Researchers at the Indian Institute of Technology Bombay in India and the QIMR Berghofer Medical Research Institute in Australia have developed a rapid method for differentiating COVID-19-positive patients expected to show severe symptoms from those likely to experience only mild symptoms. The classification algorithm is based on infrared spectra of blood plasma.
Not all COVID-19 patients experience symptoms requiring intensive care. Early identification and prioritisation (triage) of patients based on severity can help free up resources and improve patient outcomes. This research has the potential to provide significant support to healthcare workers facing critical resource decisions.
In the study, the researchers collected infrared spectra of blood plasma from 160 COVID-positive patients from Mumbai (130 as a training set for model development and 30 as a blind test set for model validation).
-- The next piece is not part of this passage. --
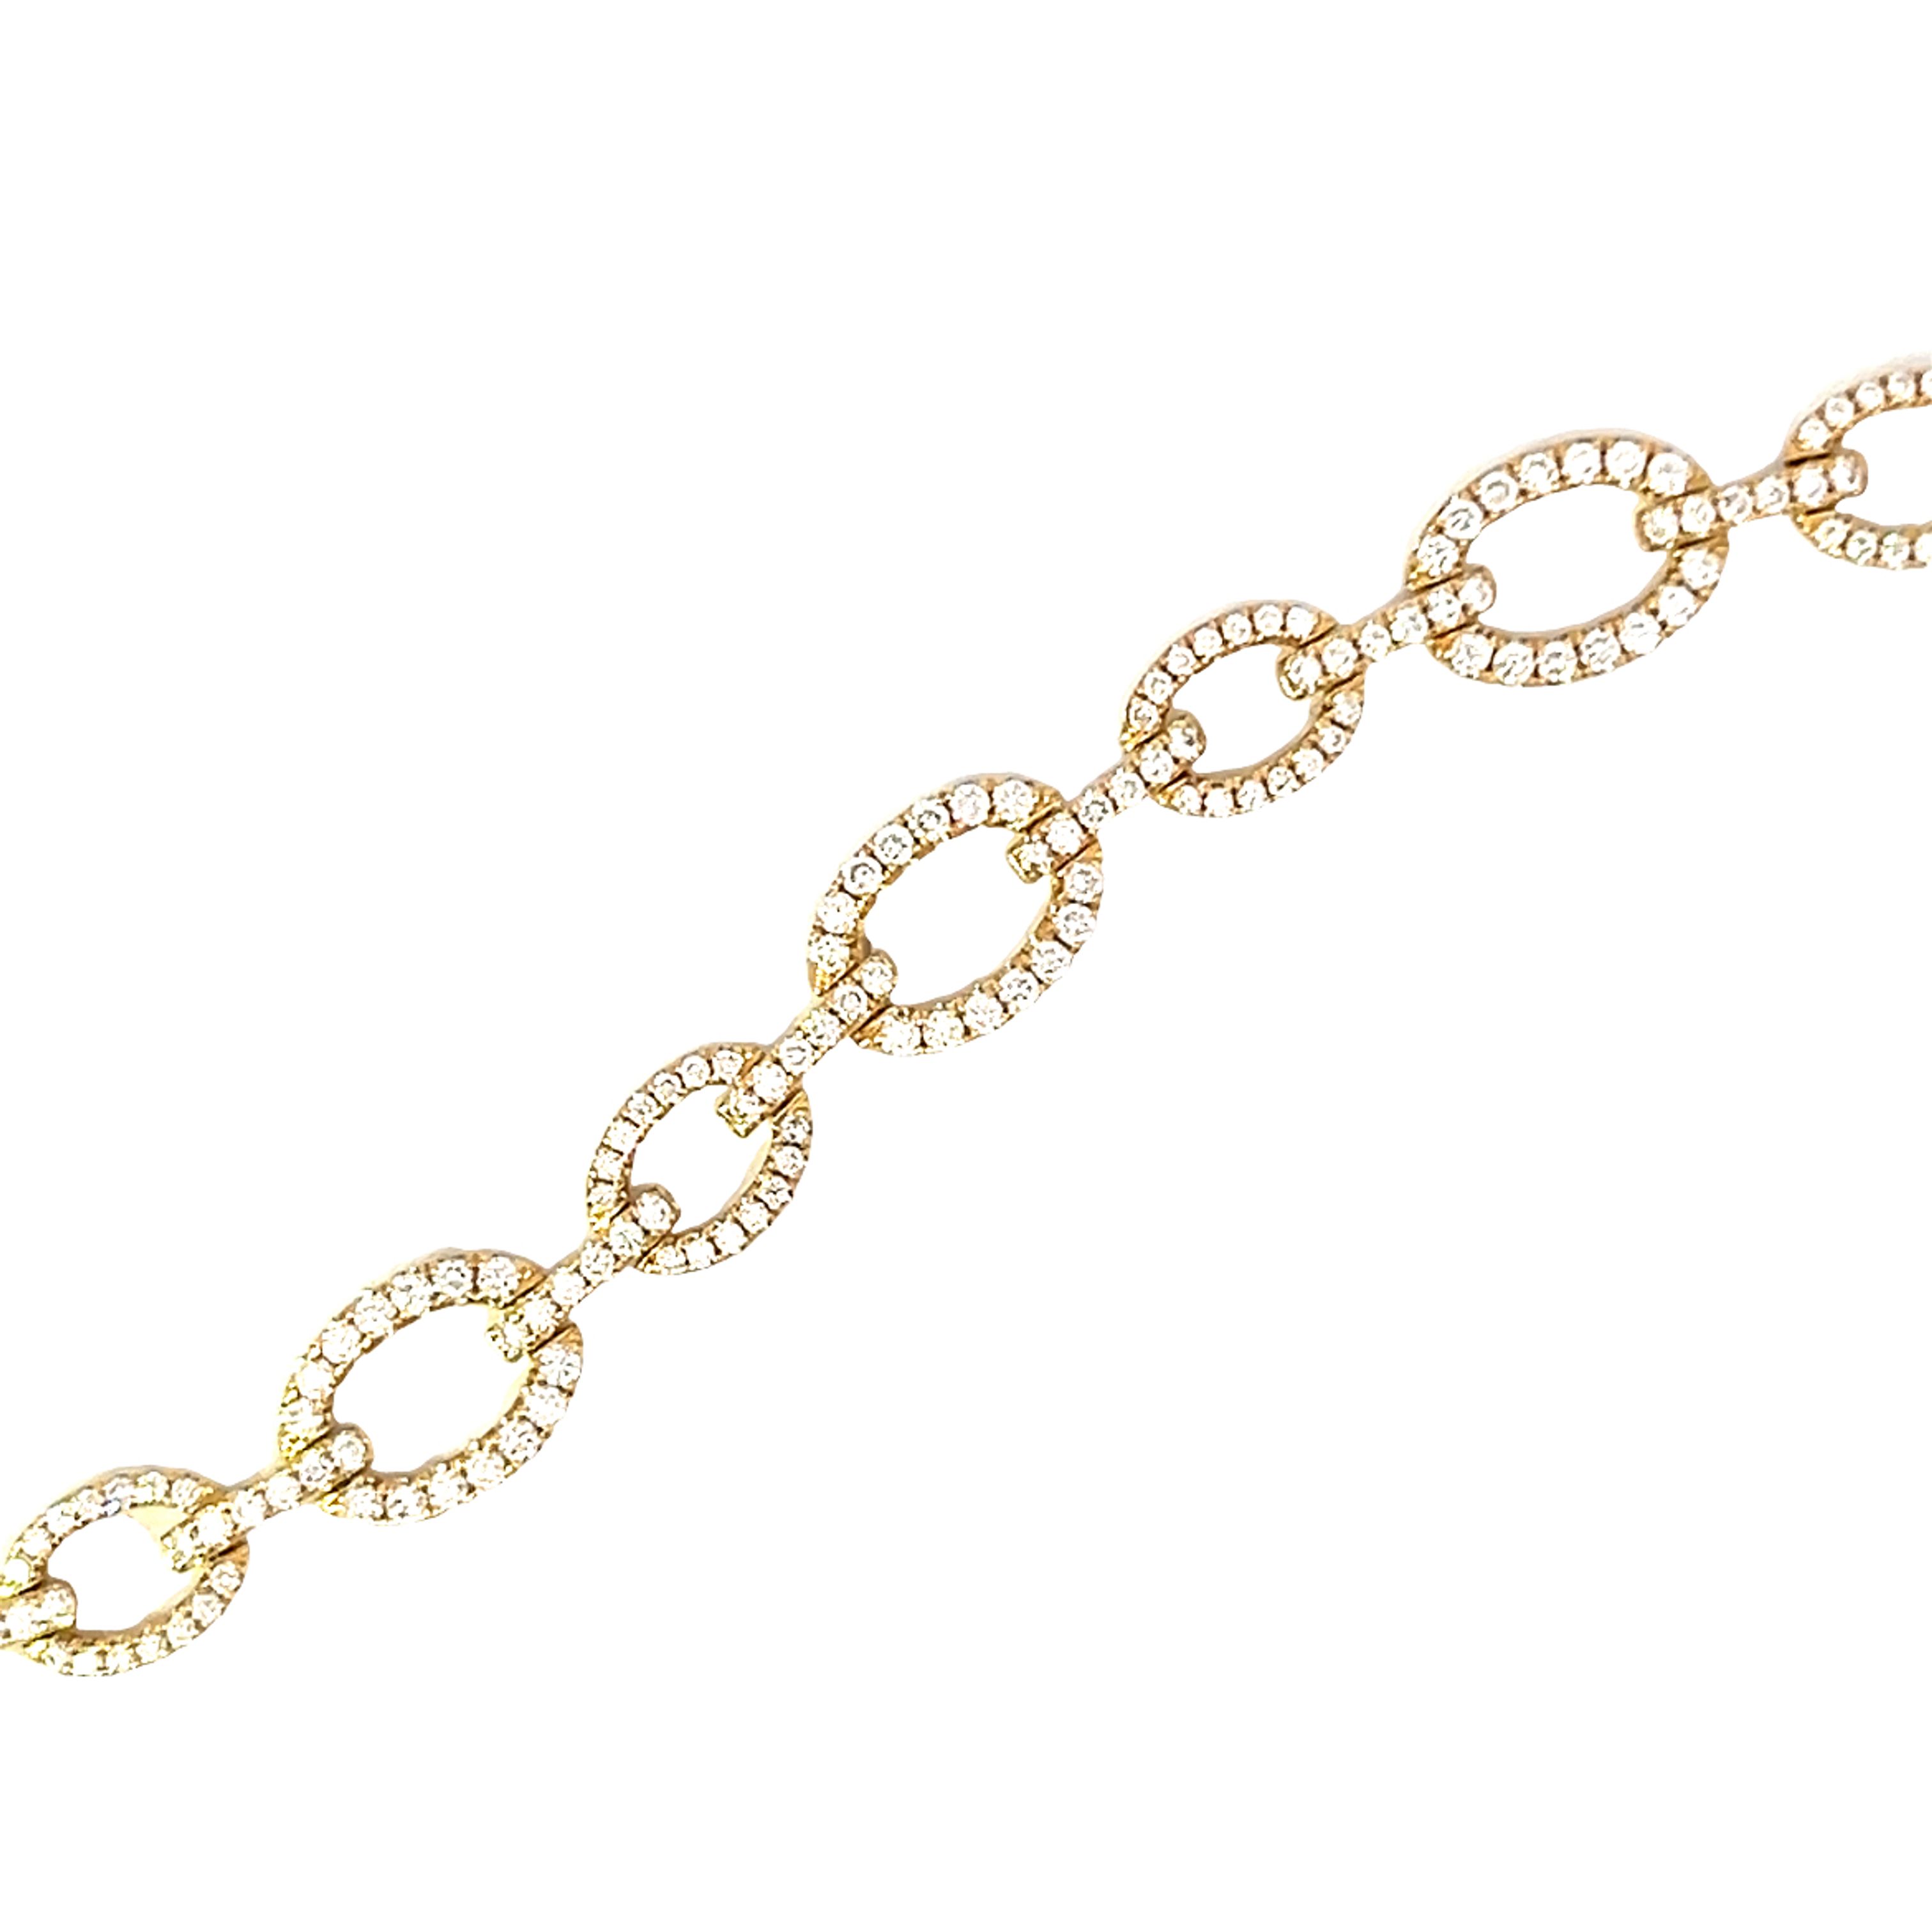 18 Carat Yellow Gold Diamond Bracelet  - 2.44 Carats

The spectra, collected on a Cary 630 FT-IR spectrometer equipped with a diamond-attenuated total reflectance (ATR) sampling module, revealed slight but observable differences between severe and non-severe COVID-19 patient samples.
Associate Professor Michelle Hill, head of QIMR Berghofer’s Precision and Systems Biomedicine Research Group, and one of the lead scientists of the study explained: “We found there were measurable differences in the infrared spectra in the patients who became severely unwell. In particular, there were differences in two infrared regions that correspond to sugar and phosphate chemical groups, as well as primary amines, which occur in specific types of proteins.”
Based on these differences, a multivariate statistical model was developed and tested.
Professor Sanjeeva Srivastava from the Indian Institute of Technology Bombay added: “We also found that having diabetes was a key predictor of becoming severely unwell in this group of patients, so we fed clinical parameters such as age, sex, diabetes mellitus and hypertension into the algorithm. We then tested the algorithm on blood samples from a separate group of 30 patients from Mumbai and found it was 69.2 % specific and 94.1 % sensitive in predicting which patients would become severely ill. However, it did result in more ‘false positives’ than predictions that were based solely on the clinical risk factors of age, sex, hypertension and diabetes. We hope that with more testing, we can reduce these false positives,” Professor Srivastava further explained.
Andrew Hind, Associate Vice President of Research & Development for the Molecular Spectroscopy Division at Agilent, stated: “We are very excited about this study, and happily supported the researchers in their fight against COVID-19 by placing the Cary 630 FT-IR spectrometer for this study. Their work highlights the potential of ATR-FT-IR spectroscopy for COVID-19 and infectious disease research, and we will continue to support research in this field.”